Sub-rule: be personal
Personalise it. don’t say “Dear Client” — don’t ever do that — but address an individual by name, and send from an individual, by name.
Yes, it is a mass mailshot to every customer in the book. But we are in 2021, friends. It is not beyond the wit of technology, anymore to use a freaking mail merge.[1] What’s stopping you? Oh, crappy client static data? Fix your damn client static data. If your salespeople aren’t keeping it up to date, they’re not doing their jobs. Either have good client static data, and use it to demonstrate you care enough about your customer to be justified in calling them “dear” — or don’t, accept your customers to you are a passive herd of cattle there only to be milked, and don’t try to be ingratiating while you do it.

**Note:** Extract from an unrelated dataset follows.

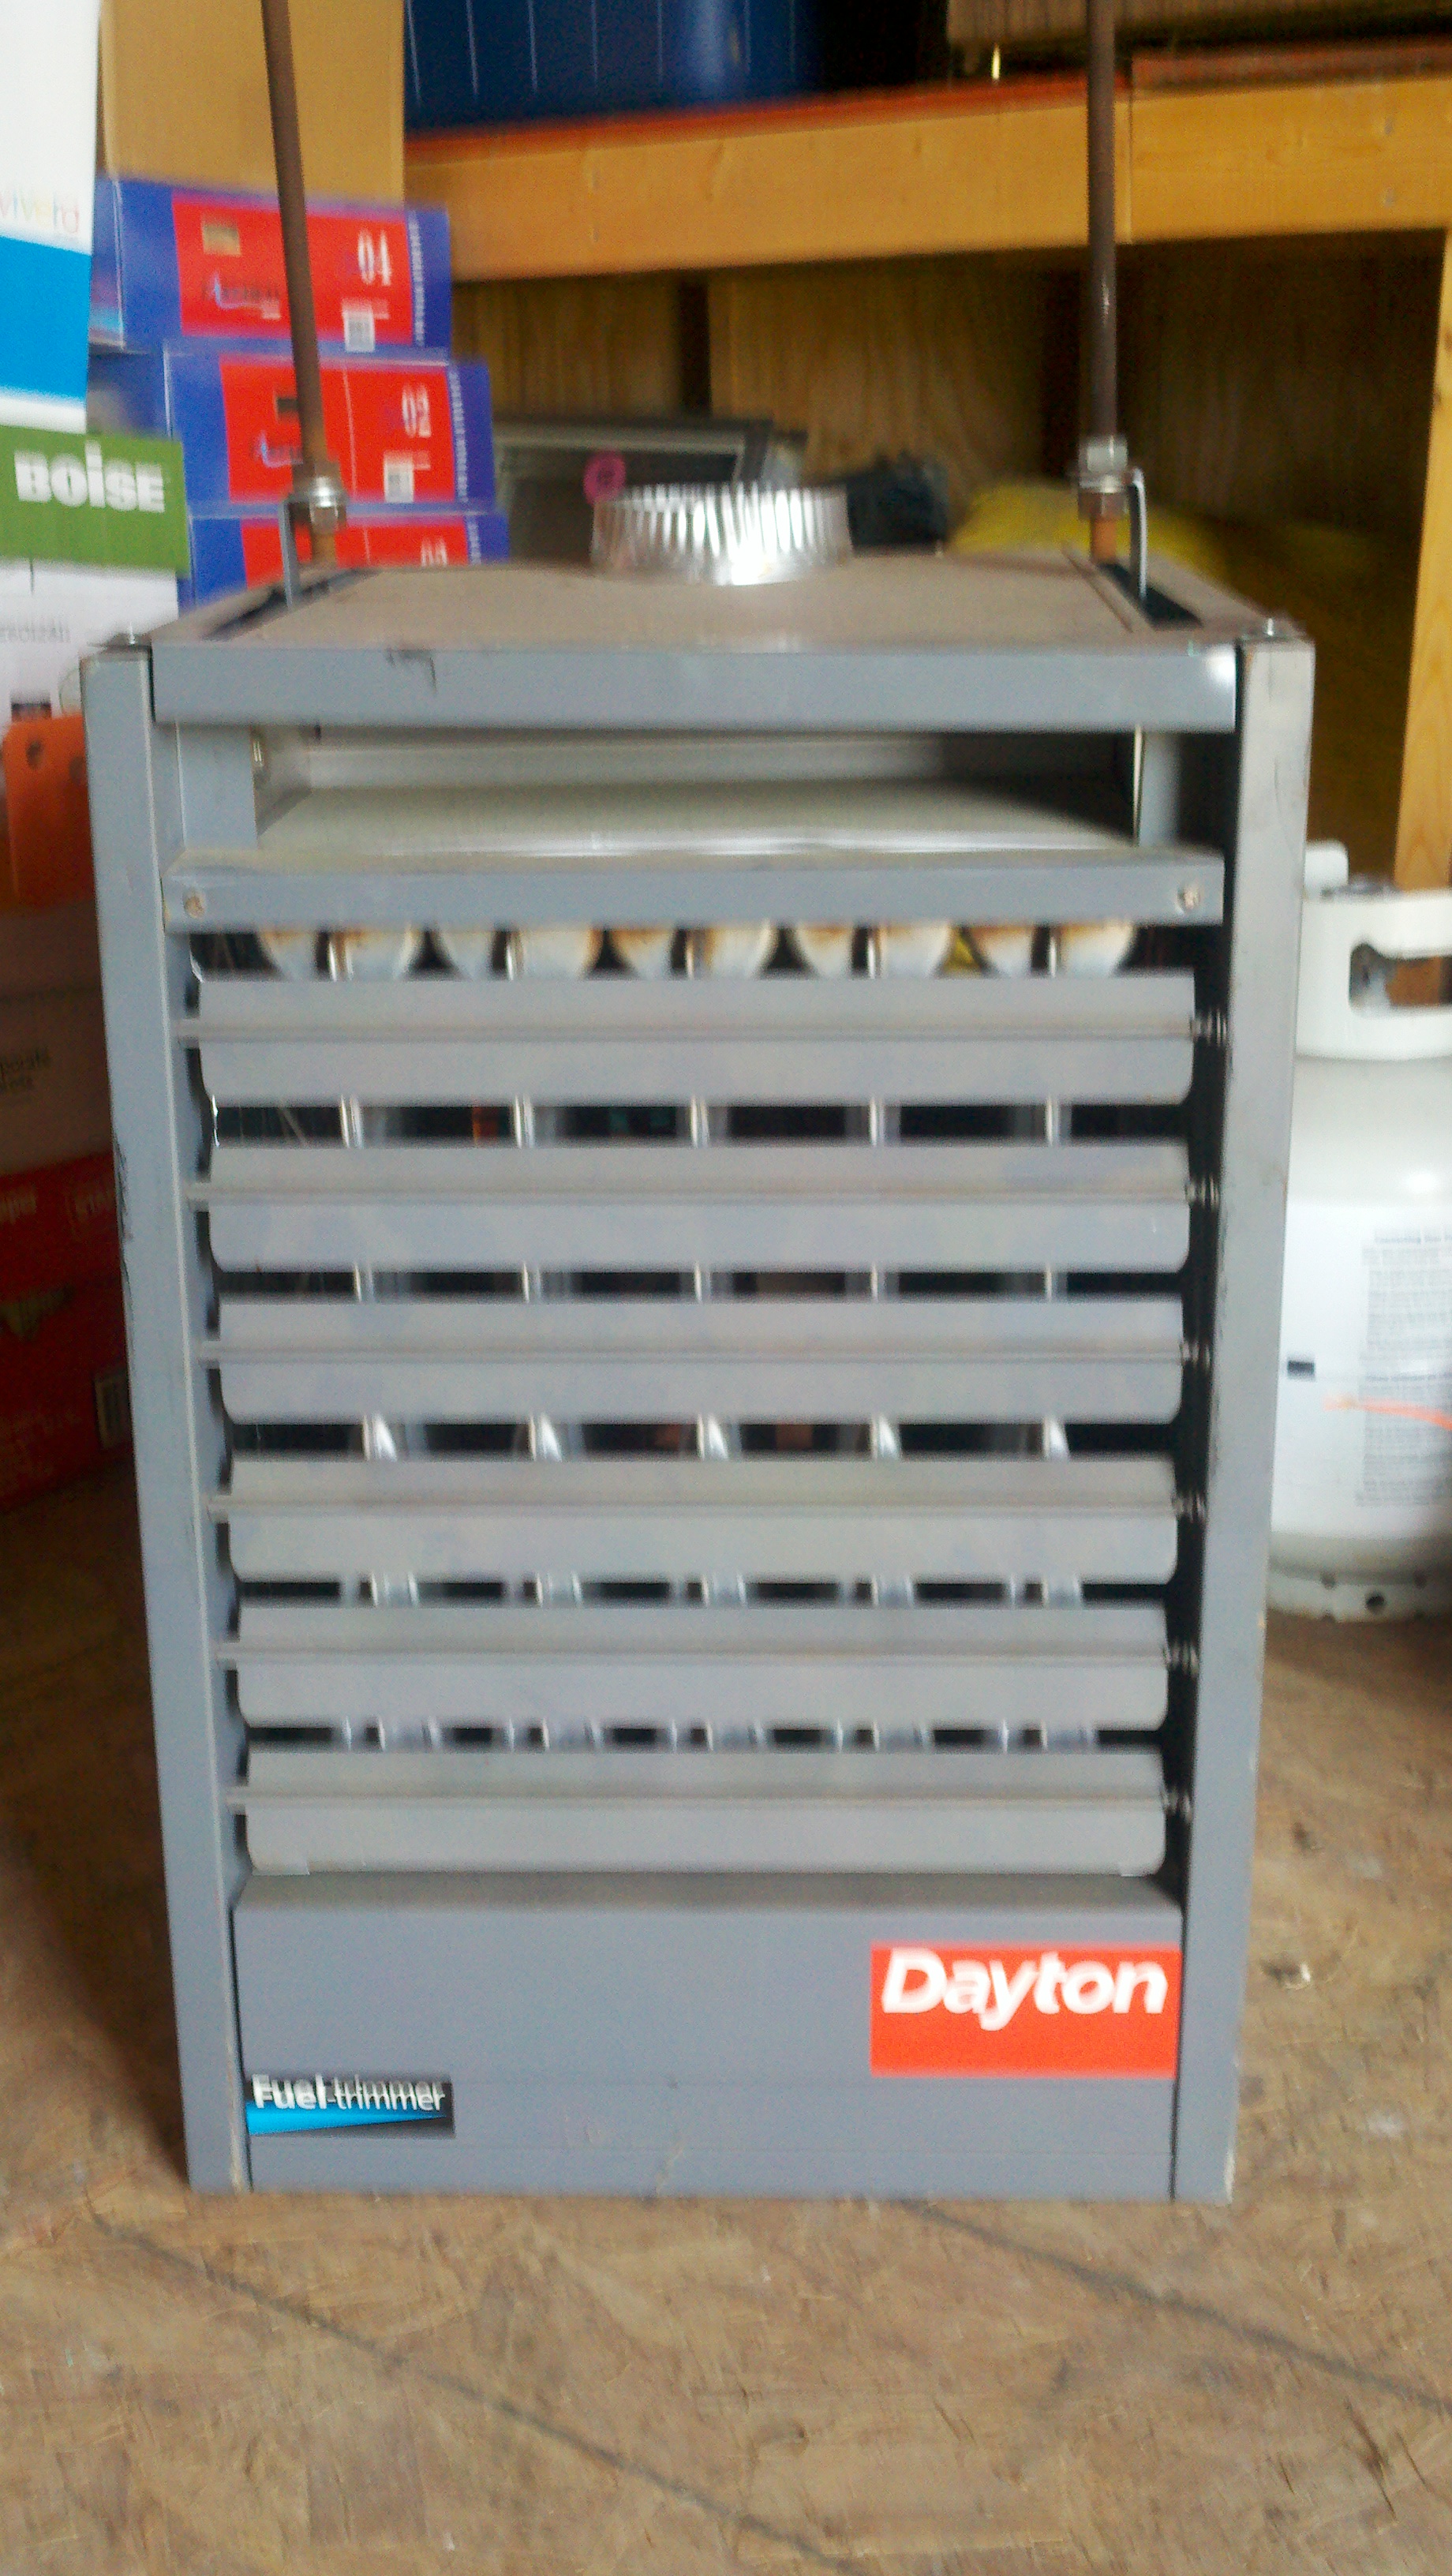 Dayton Fueltrimmer Garage Heater

Don’t say “please be advised”. Ever. Just don’t do it. These are your valuable customers, not truculent secondary school children plotting to burn down the staff room.
Sub-rule: be emphatic
say what you mean with strong, active, assertive nouns and verbs. Don’t use weasle words. Avoid “seems to”, “appears to be”, “slightly”, “almost”, “practically”, “virtually”.

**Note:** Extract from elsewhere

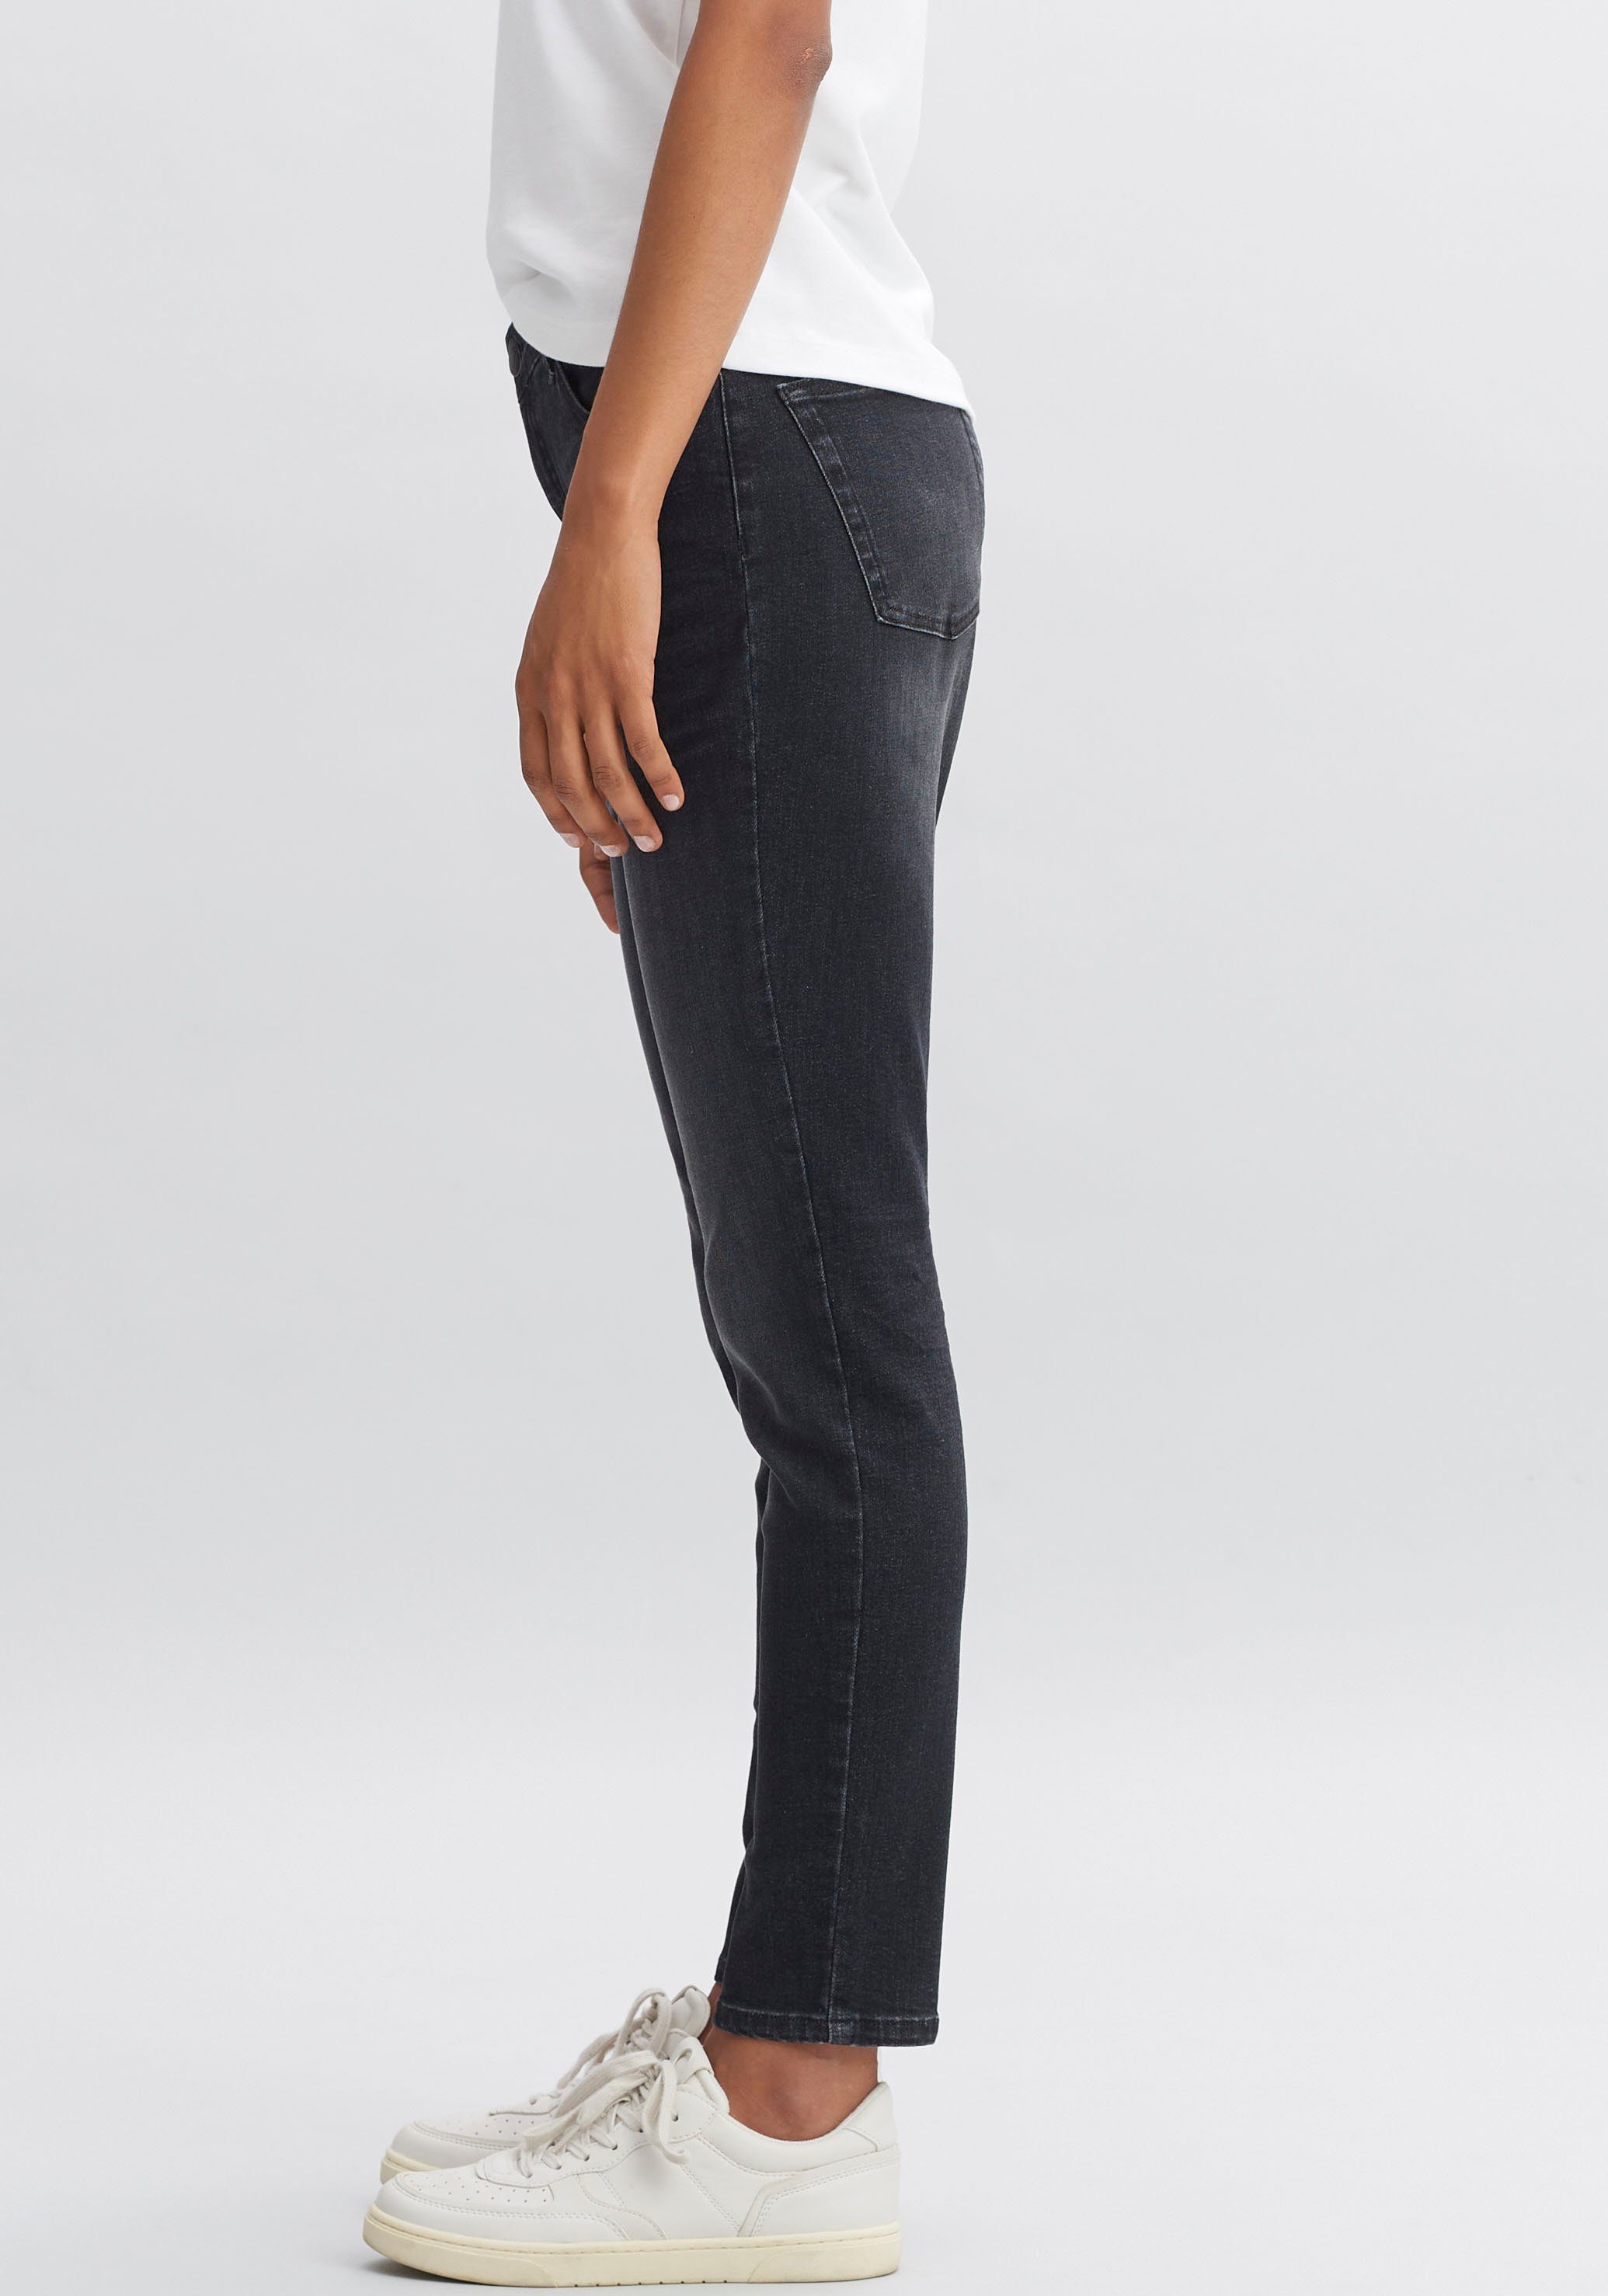 Look authentischen, roughen OPUS Evita Slim-fit-Jeans im

Sub-rule: avoid disclaimers
Think first “what will my customer think of me if I say that”, rather than “what if I get it wrong and my customer sues me?” You are a professional. You are good at what you do. Trust yourself not to get it wrong. Disclaimers are like airbags. You only need airbags if you don’t steer straight. Concentrate on defensive driving, not crash mats. If you have to have a disclaimer — and I know, you will have to have one — keep it brief, to the point and put it at the end. If the first thing your customer reads is “Please be advised we take no responsibility for this, we are only doing this because someone said we have to, so on your own head be it”, your customer is going to think, “gee, what a douche”. Generally, that’s not how you want your customer to be thinking now, is it?
- ↑ You thought I was going to say “use neural networks to guess customer names” didn’t you?